What is expected
Filter by the string "washbasin": return the lines of the material that contain it.

Information shown
Segment Open

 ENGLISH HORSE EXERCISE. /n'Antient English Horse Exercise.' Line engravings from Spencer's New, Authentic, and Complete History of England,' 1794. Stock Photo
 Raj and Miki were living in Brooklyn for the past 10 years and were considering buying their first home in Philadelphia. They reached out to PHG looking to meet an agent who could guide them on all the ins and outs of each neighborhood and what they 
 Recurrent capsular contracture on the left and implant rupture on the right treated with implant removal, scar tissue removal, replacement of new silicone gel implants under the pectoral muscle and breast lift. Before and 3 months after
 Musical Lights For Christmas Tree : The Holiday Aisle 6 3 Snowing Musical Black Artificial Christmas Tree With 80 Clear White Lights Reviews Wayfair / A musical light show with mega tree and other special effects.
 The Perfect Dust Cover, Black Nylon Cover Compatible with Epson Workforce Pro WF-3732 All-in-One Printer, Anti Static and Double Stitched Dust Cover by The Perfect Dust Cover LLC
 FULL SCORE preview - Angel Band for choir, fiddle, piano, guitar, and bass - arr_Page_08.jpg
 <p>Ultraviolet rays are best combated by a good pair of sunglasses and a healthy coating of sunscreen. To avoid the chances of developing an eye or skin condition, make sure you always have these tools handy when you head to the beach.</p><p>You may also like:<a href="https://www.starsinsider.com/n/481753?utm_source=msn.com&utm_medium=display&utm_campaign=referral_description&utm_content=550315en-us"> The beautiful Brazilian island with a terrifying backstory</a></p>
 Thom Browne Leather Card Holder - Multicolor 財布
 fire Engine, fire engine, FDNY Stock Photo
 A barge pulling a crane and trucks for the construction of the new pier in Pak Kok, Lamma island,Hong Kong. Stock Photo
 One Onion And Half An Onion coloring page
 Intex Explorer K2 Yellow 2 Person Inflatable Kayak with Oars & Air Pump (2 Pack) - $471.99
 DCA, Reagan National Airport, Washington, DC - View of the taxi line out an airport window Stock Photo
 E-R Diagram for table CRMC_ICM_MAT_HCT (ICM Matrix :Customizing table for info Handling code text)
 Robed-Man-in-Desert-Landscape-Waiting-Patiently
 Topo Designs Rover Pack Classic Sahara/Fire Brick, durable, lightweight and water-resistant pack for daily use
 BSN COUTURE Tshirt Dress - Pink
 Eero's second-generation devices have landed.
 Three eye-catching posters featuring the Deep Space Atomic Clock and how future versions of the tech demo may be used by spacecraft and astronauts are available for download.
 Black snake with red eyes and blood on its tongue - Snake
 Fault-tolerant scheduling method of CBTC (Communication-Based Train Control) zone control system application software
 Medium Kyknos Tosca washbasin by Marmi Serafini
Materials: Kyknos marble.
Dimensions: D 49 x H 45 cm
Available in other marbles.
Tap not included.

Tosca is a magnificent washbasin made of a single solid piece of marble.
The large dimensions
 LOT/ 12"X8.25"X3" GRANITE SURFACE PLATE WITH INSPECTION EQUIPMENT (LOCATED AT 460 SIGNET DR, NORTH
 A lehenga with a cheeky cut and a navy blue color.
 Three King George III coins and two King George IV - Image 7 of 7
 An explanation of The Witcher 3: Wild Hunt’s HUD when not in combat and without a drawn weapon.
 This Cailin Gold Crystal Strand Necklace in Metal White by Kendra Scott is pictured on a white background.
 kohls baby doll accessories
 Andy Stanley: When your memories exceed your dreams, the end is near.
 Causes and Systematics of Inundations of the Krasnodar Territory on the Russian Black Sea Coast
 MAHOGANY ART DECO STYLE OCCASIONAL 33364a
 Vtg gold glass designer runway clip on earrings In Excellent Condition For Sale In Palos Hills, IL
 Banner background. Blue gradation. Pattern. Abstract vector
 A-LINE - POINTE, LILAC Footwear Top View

Segment Closed

Solution
 Medium Kyknos Tosca washbasin by Marmi Serafini
Tosca is a magnificent washbasin made of a single solid piece of marble.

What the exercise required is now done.